[Rd] "simulate" does not include variability in parameter estimation

Fri Dec 27 05:14:03 CET 2019

Hello, All:

       The default "simulate" method for lm and glm seems to ignore the 
sampling variance of the parameter estimates;  see the trivial lm and 
glm examples below.  Both these examples estimate a mean with formula = 
x~1.  In both cases, the variance of the estimated mean is 1.

             * In the lm example with x0 = c(-1, 1), var(x0) = 2, and 
var(unlist(simulate(lm(x0~1), 10000, 1))) is 2.0064.  Shouldn't it be 3 
= var(mean(x0)) + var(x0) = (2/2) + 2?

             * In the glm example with x1=1, 
var(unlist(simulate(glm(x1~1, poisson), 10000, 1))) = 1.006. Shouldn't 
it be 2 = var(glm estimate of the mean) + var(simulated Poisson 
distribution) = 1 + 1?

       I'm asking, because I've recently written "simulate" methods for 
objects of class stats::glm and BMA::bic.glm, where my primary interest 
was simulating the predicted mean with "newdata".  I'm doing this, so I 
can get Monte Carlo prediction intervals.  My current code for 
"simulate.glm" and "simulate.bic.glm" are available in the development 
version of the "Ecfun" package on GitHub:

https://github.com/sbgraves237/Ecfun

       Comparing my new code with "stats:::simulate.lm" raises the 
following questions in my mind regarding "simulate" of a fit object:

             1.  Shouldn't "simulate" start by simulating the random 
variability in the estimated parameters?  I need that for my current 
application.  If a generic "simulate" function should NOT include this, 
what should we call something that does include this?  And how does the 
current stats:::simulate.lm behavior fit with this?

             2.  Shouldn't "simulate" of a model fit include an option 
for "newdata"?  I need that for my application.

             3.  By comparing with "predict.glm", I felt I needed an 
argument 'type = c("link", "response")'.  "predict.glm" has an argument 
'type = c("link", "response", "terms")'.  I didn't need "terms", so I 
didn't take the time to code that.  However, a general "simulate" 
function should probably include that.

             4.  My application involves assumed Poisson counts.  I need 
to simulate those as well.  If I combined those with "simulate.glm", 
what would I call them?  I can't use the word "response", because that's 
already used with a different meaning.
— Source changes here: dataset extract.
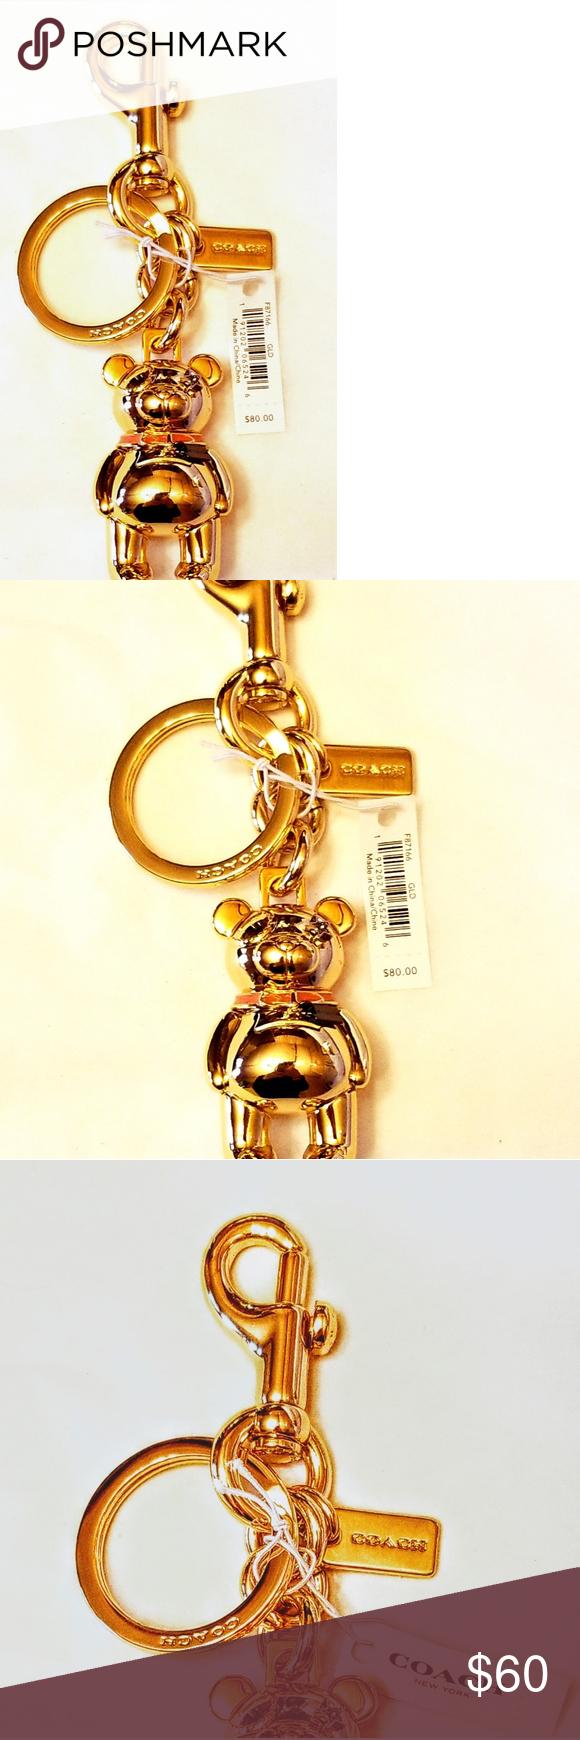 Coach bear keychain purse charm  Purse charms, Coach accessories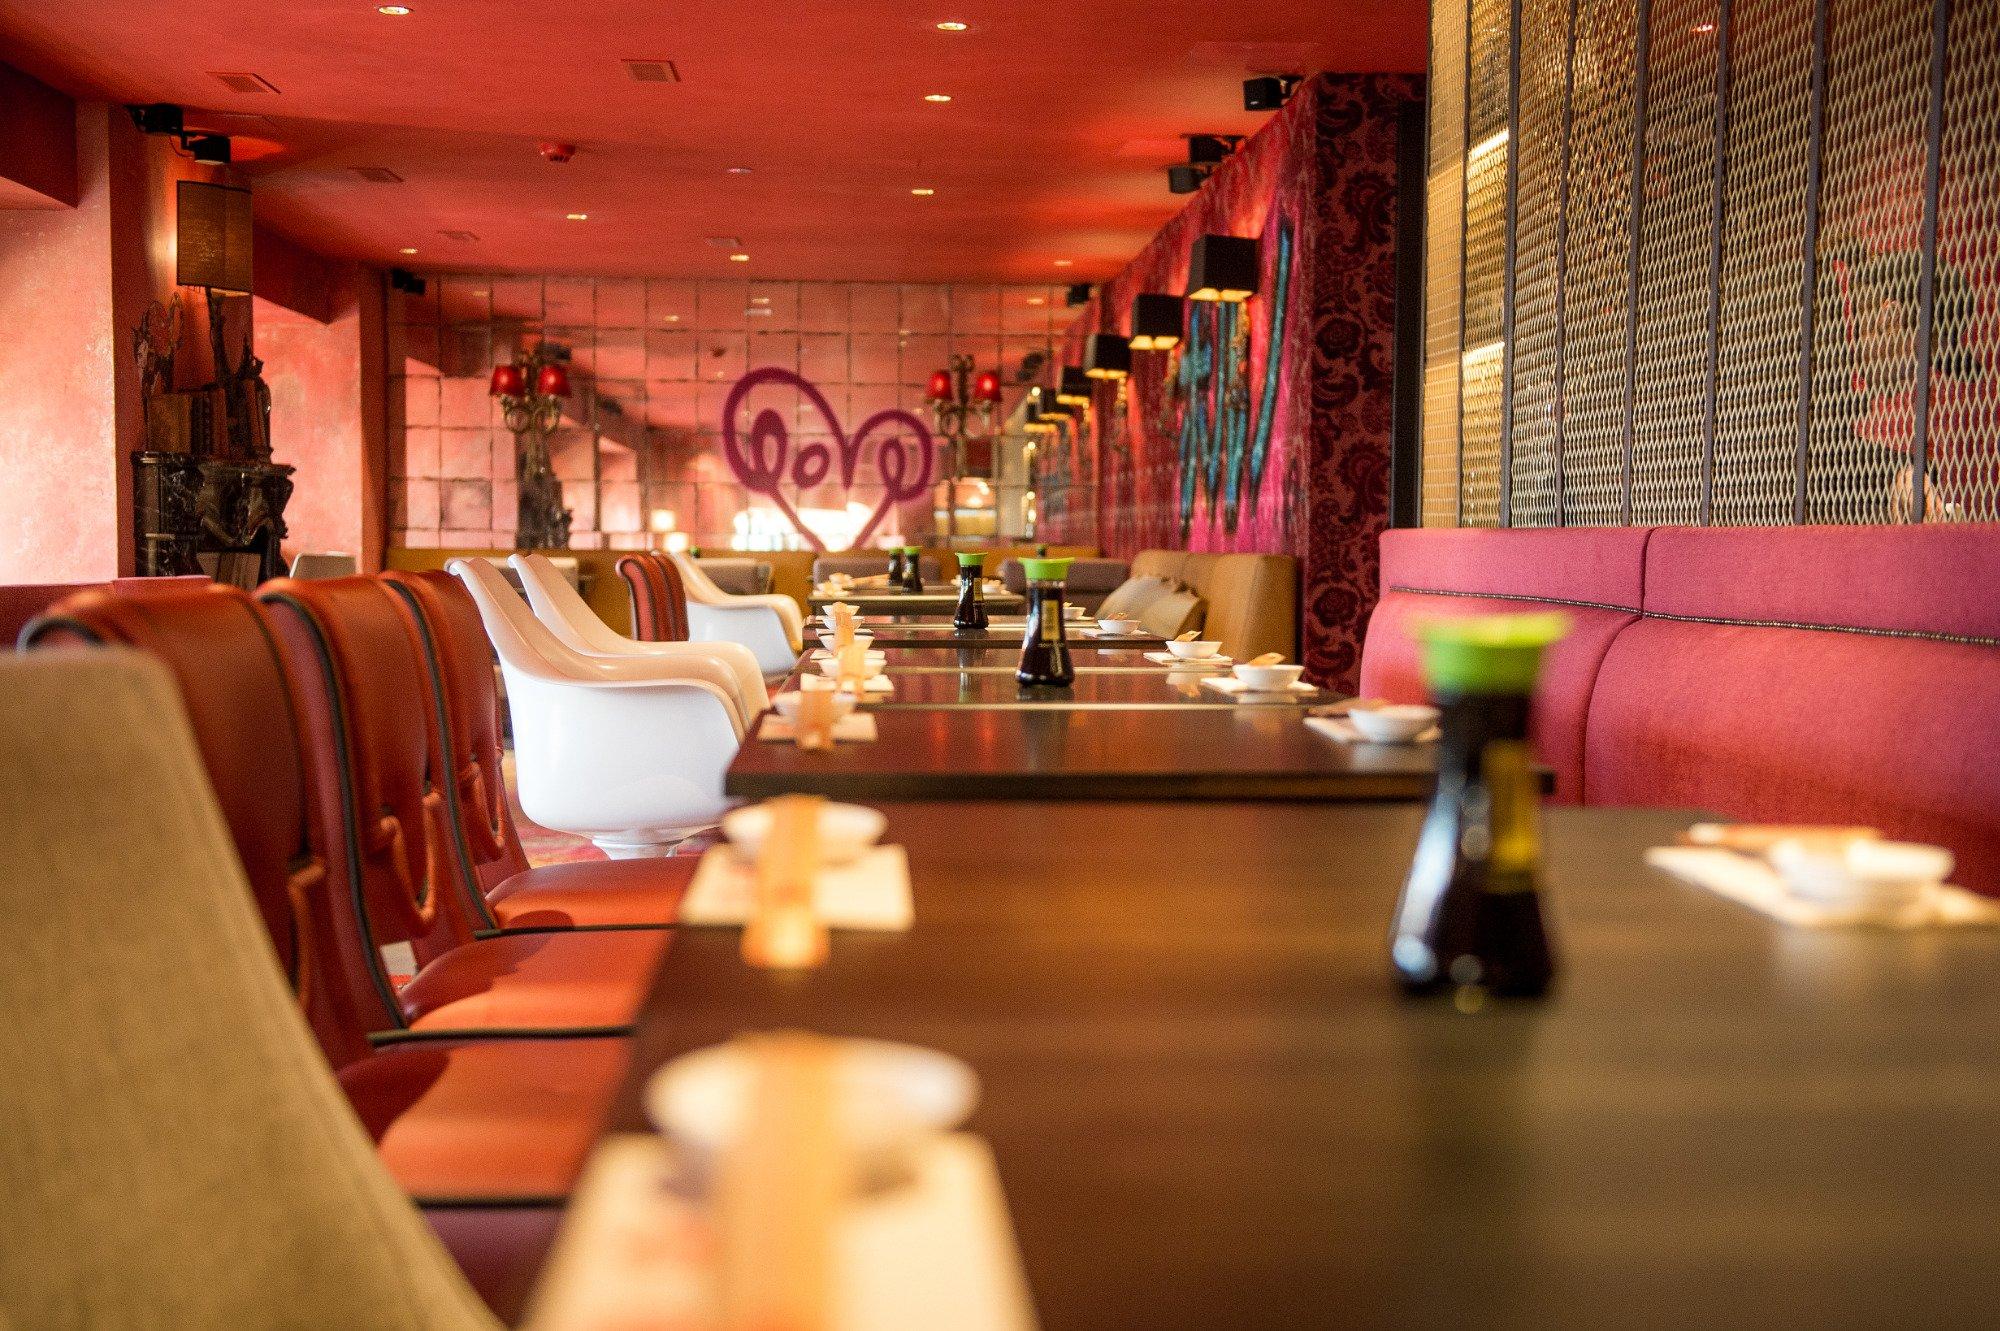 negishi pilatusstrasse, lucerne - restaurant reviews, phone number

Might "observations" be the 
appropriate term?

       What do you think?
       Thanks,
       Spencer Graves

 > x0 <- c(-1, 1)
 > var(x0)
[1] 2
 > fit0 <- lm(x0~1)
 > vcov(fit0)
             (Intercept)
(Intercept)           1
 > sim0 <- simulate(fit0, 10000, 1)
 > var(unlist(sim0))
[1] 2.006408
 > x1 <- 1
 > fit1 <- glm(x1~1, poisson)
 > coef(fit1)
  (Intercept)
4.676016e-11
 > exp(coef(fit1))
(Intercept)
           1
 > vcov(fit1)
             (Intercept)
(Intercept)   0.9999903
 > sim1 <- simulate(fit1, 10000, 1)
 > var(unlist(sim1))
[1] 1.00617
 > sessionInfo()
R version 3.6.2 (2019-12-12)
Platform: x86_64-apple-darwin15.6.0 (64-bit)
Running under: macOS Catalina 10.15.2

Matrix products: default
BLAS: 
/System/Library/Frameworks/Accelerate.framework/Versions/A/Frameworks/vecLib.framework/Versions/A/libBLAS.dylib
LAPACK: 
/Library/Frameworks/R.framework/Versions/3.6/Resources/lib/libRlapack.dylib

locale:
[1] en_US.UTF-8/en_US.UTF-8/en_US.UTF-8/C/en_US.UTF-8/en_US.UTF-8

attached base packages:
[1] stats     graphics  grDevices utils     datasets  methods base

loaded via a namespace (and not attached):
[1] compiler_3.6.2 tools_3.6.2